Clara se alinea pues con su padre, de ideas subversivas, y su primo Gerardo:


Mi primo Gerardo decía que en la escuela no enseñaban a pensar, que enseñaban a obedecer, nada más. Al otro lado solo llegaban los obedientes. Yo era desobediente, con lo que no podría llegar al otro lado. ¿En qué lado estará mi primo Gerardo?, me preguntaba, cada vez que lo veía llegar con su mochila sucia y sus libros (125).
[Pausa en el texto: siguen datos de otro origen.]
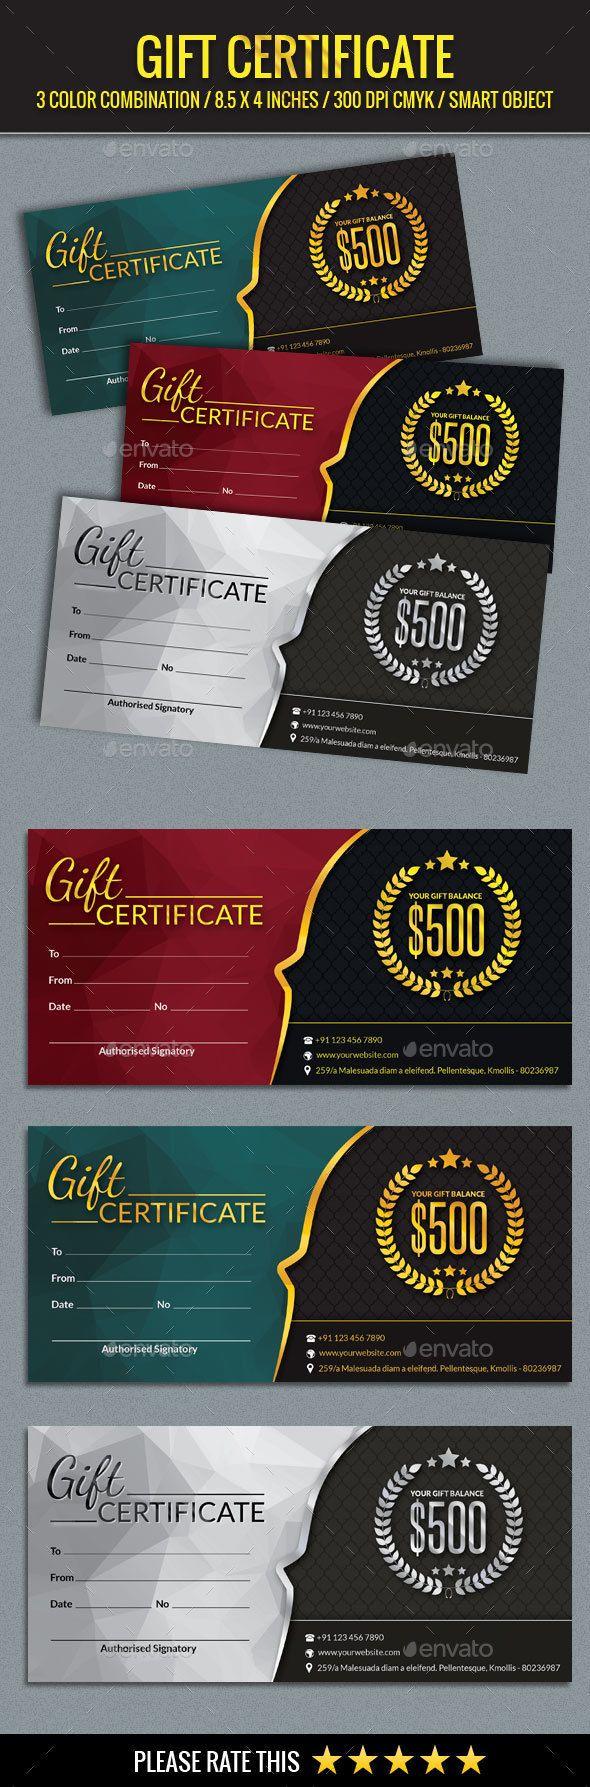 Certificate 90 pinterest gift certificate template yelopaper Gallery

Pero lo cierto es que su familia no responde al modelo convencional idealizado (aunque sí a la realidad del país). La familia, explica la maestra, “es la base de la sociedad. Eso lo aprendíamos de memoria, pero entonces no lo entendíamos muy bien. Familia y sociedad en el fondo eran cosas demasiado difíciles de explicar porque todas las familias no eran iguales y sociedad era una palabra rara”. Ambos conceptos responden a cuestiones abstractas que no tienen que ver con su realidad. Cuando le pide la maestra un dibujo de la familia, Clarita, que no conoce a su padre (y se avergüenza por ello e inventa mentiras), pinta al señor Forero, que viene desde la finca y les trae alimentos, con atuendo campesino de ruana y sombrero, una indumentaria impensable en el padre. Por eso su dibujo es inusual:


Me gustaba ese señor, aunque no tanto como para desear que fuera mi papá. Sin embargo, me pareció más fácil pensar en él cuando hice el dibujo de la familia. La madre quedó más grande que el padre y los gemelos parecían hormigas […]. Yo me dibujé al lado derecho de la madre y puse: hija mayor, a mi lado Tomás: hijo segundo, y a la izquierda de la madre, el señor Forero con ruana y sombrero: padre ‑falso‑ y los gemelos: hijos menores (19-20).

Lo cierto es que le cuesta imaginar al padre ausente como cabeza de familia, y por ello la presencia de la madre, que es quien sostiene el hogar, se subraya al aparecer más grande en el dibujo. Los papeles tradicionales de la familia no responden a lo que se le inculca: “El padre: la cabeza del hogar: sostiene la casa, va a trabajar y trae la plata. La madre: cuida a los hijos, los educa y hace los oficios de la casa, escribían todos” (20). En el hogar de los Osorio, el padre está ausente, la madre desempeña las funciones del cabeza de familia y la abuela las de la madre. Así, la pequeña tiene la sensación de que la suya es una familia impostada, de manera que no le importa fantasear con una tradicional o incluso inventarla: “Yo veía que lo que me enseñaban en la escuela era lo contrario de lo que pasaba en mi casa: la cabeza del hogar no estaba, la mamá no hacía los trabajos domésticos. La abuela ocupaba el lugar de la mamá y la mamá el del papá. Por nada del mundo quería contarle eso a la maestra”. Por ello, Clara se rebela también ante la educación convencional:


¿Qué es educar a los hijos?, preguntaba la maestra, y respondía enseguida, enseñarles a vivir en sociedad. […] Vivir en sociedad, pensé, debe de ser algo importante, cosa de personas grandes, como estar en una fiesta. Yo no sabía lo que tenía que hacer si me encontraba alaguna vez en sociedad. En el periódico había una página especial: Sociales de Bogotá. Allí había fotos de matrimonios en la iglesia de la Porciúncula o Las Aguas, de fiestas de quince años, de bailes, de bautizos y cumpleaños, de señoras con moñas y capul, de niñas con diademas y niños con corbatín. Eso era para mí la sociedad (23).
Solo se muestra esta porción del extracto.